At ZF, AMPEG Security Lighthouse is a reliable instrument to test the security level of the entire company. At the same time, the system has proven to be an interactive platform for transmitting the respectively-applicable requirements of IT security. In addition, the individual security teams use this tool as a basis for planning their work and measuring their success.
ZF is a global leader in driveline and chassis technology as well as active and passive safety technology. In 2015, ZF acquired the US-American company TRW Automotive and integrated it into the group as the “Active & Passive Safety Technology Division”. With its headquarters in Friedrichshafen at Lake Constance, ZF is one of the biggest automotive suppliers worldwide. With its approx. 135,000 employees at around 230 sites, it is represented in approx. 40 countries.
Together with the newly integrated devices of TRW, ZF’s worldwide IT infrastructure has approx. 80,000 terminals and 10,000 servers. About 90% of the server landscape is virtualised, but the clients are conventional hardware. Like many other companies with industrial manufacturing, ZF has many production lines with IT components which have been used for many years. They too have to be maintained and looked after by IT Security because the systems as a whole are far from reaching their planned life expectancy.
Efficient check of central standards
The company’s entire IT is centrally controlled from Germany. The requirements developed at the headquarters are applicable on a global level and are communicated to the employees in a fair and co-operative manner. The employees should understand and accept the guidelines and standards and act as partners of the IT management when it comes to implementation.

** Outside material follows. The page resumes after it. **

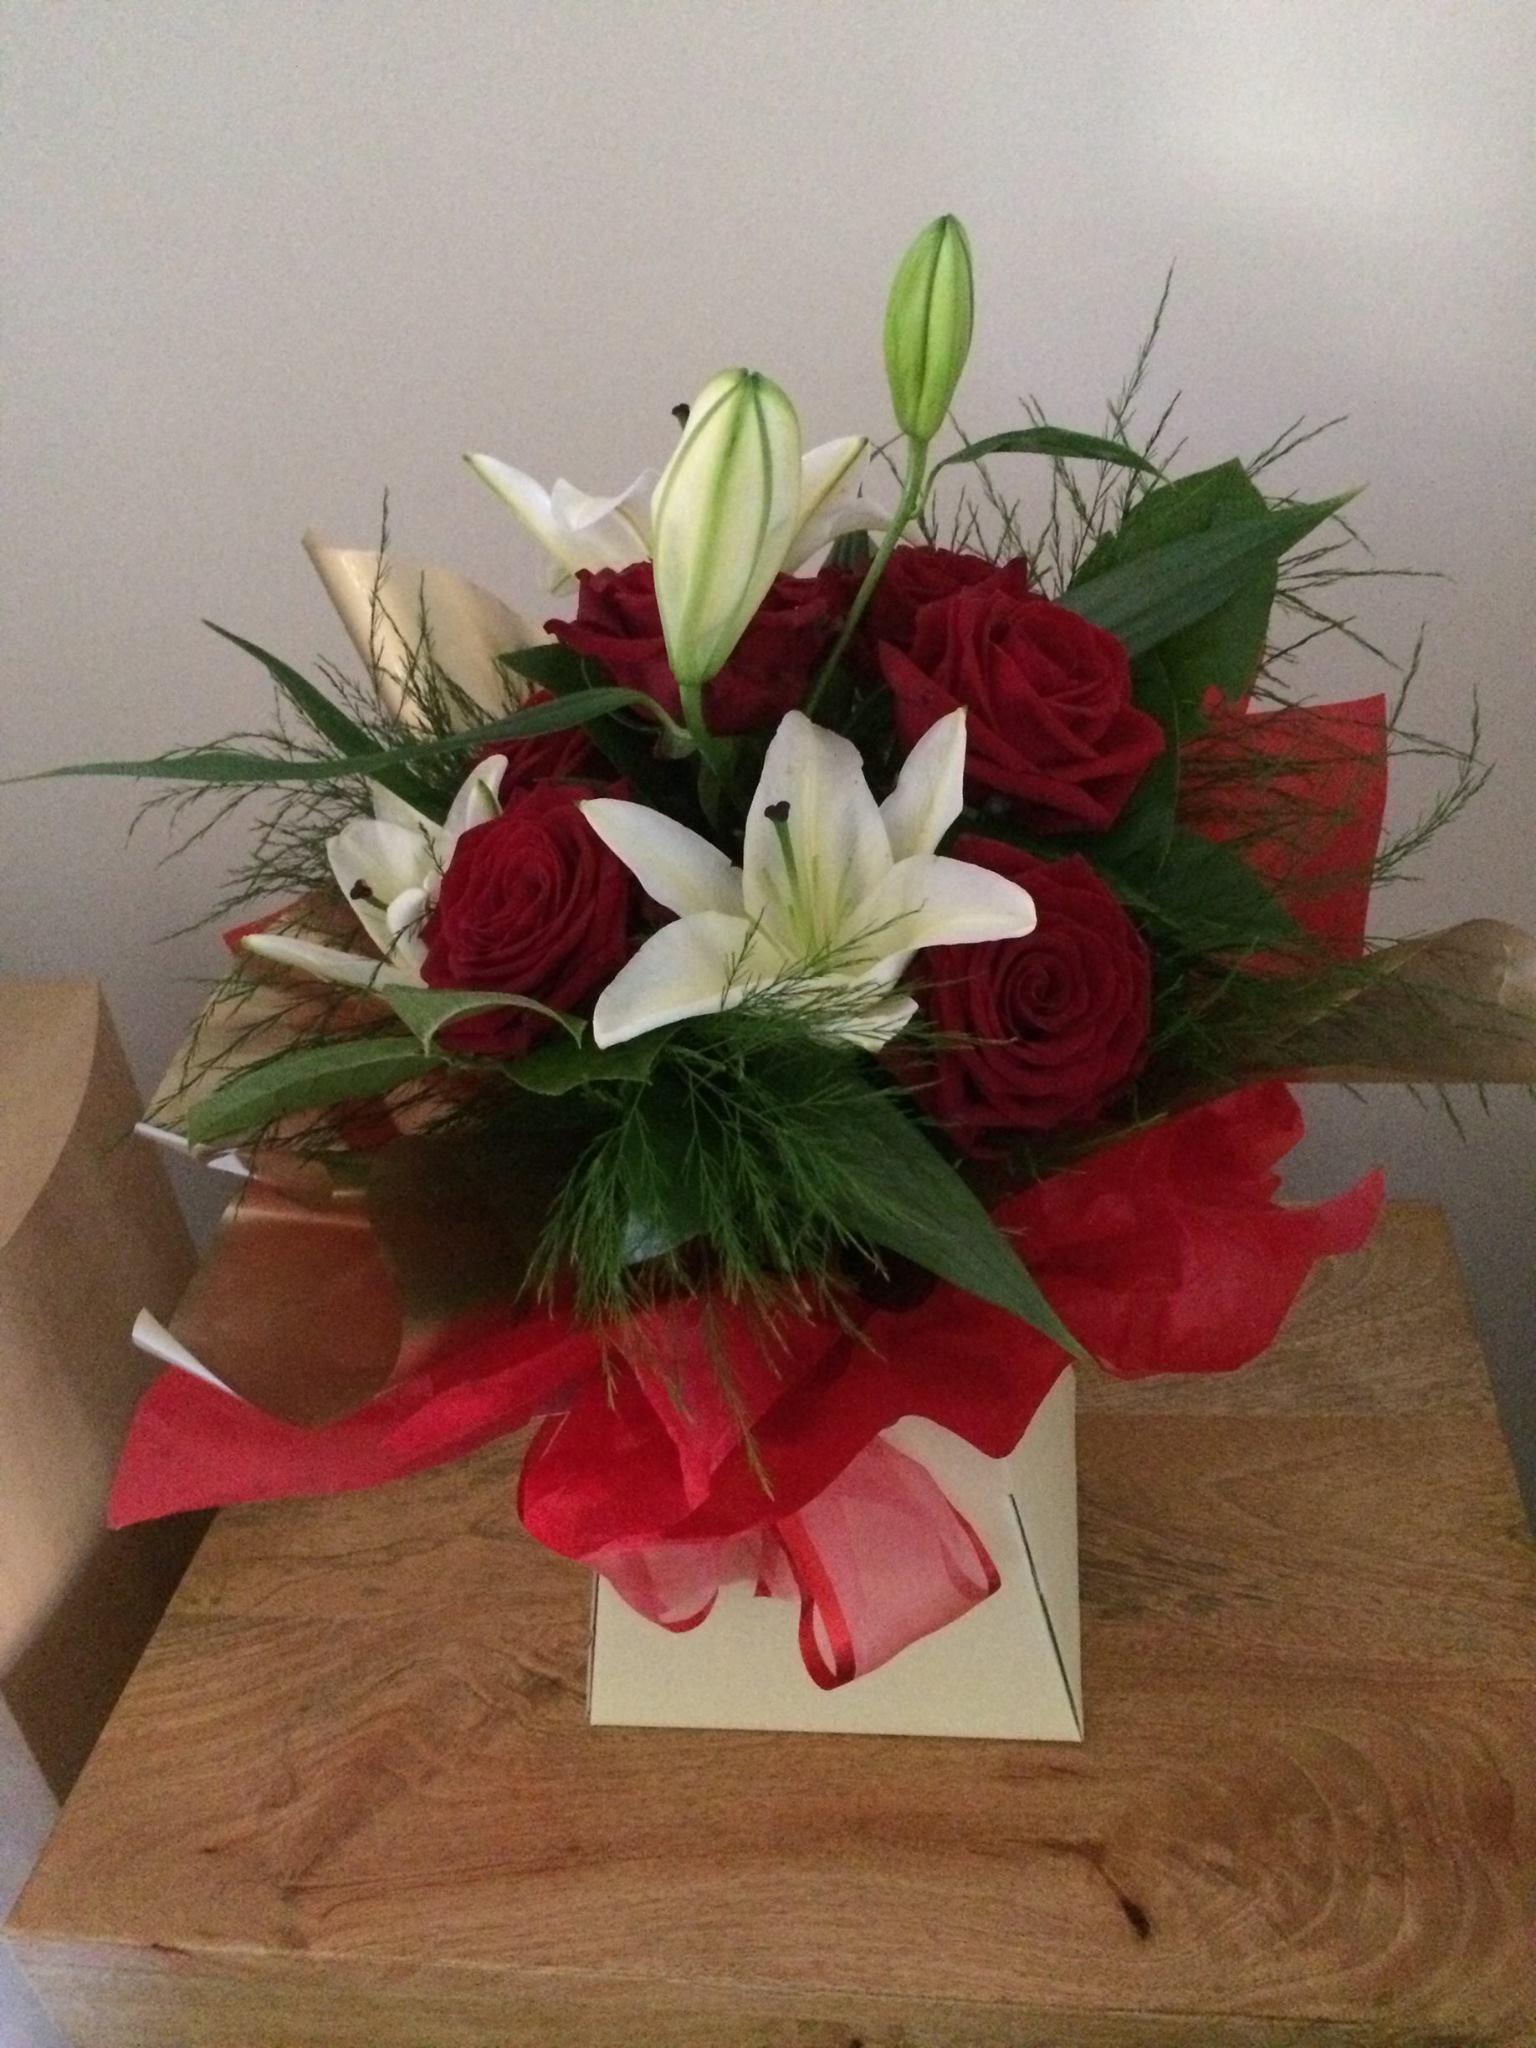 The Brookhouse Florist

Information security is also centrally organised and operated from Friedrichshafen. The group coordinator for IT security exercises superordinate control. On an organisational level, ZF has incorporated the Security Division into the productive IT. “The advantage of this model is that IT Security is directly involved in the IT project planning,” Michael Schrank, Head of IT Security at ZF, explains. “For this reason, IT and IT Security act in concert. Their decisions are received with the necessary attention, and they are truly implemented on a global level.” For Schrank, the clear, simply structured organisation offers a true increase in security. “If we have to take measures at short notice because of imminent danger, we can do this quickly and without much delay. Companies with e.g. several CISOs for various units in the organisation need much longer for these processes.”
In 2014, ZF started to search for a tool which offers a reliable overview of the current IT security status of all IT components in the global network. The group experts saw considerable need for improvements in this area: “We tried to determine the overall status manually using the various consoles of the system and security management tools,” Schrank explains, “but this proved to be too complex and time-consuming. And we were unhappy with the quality of the results.”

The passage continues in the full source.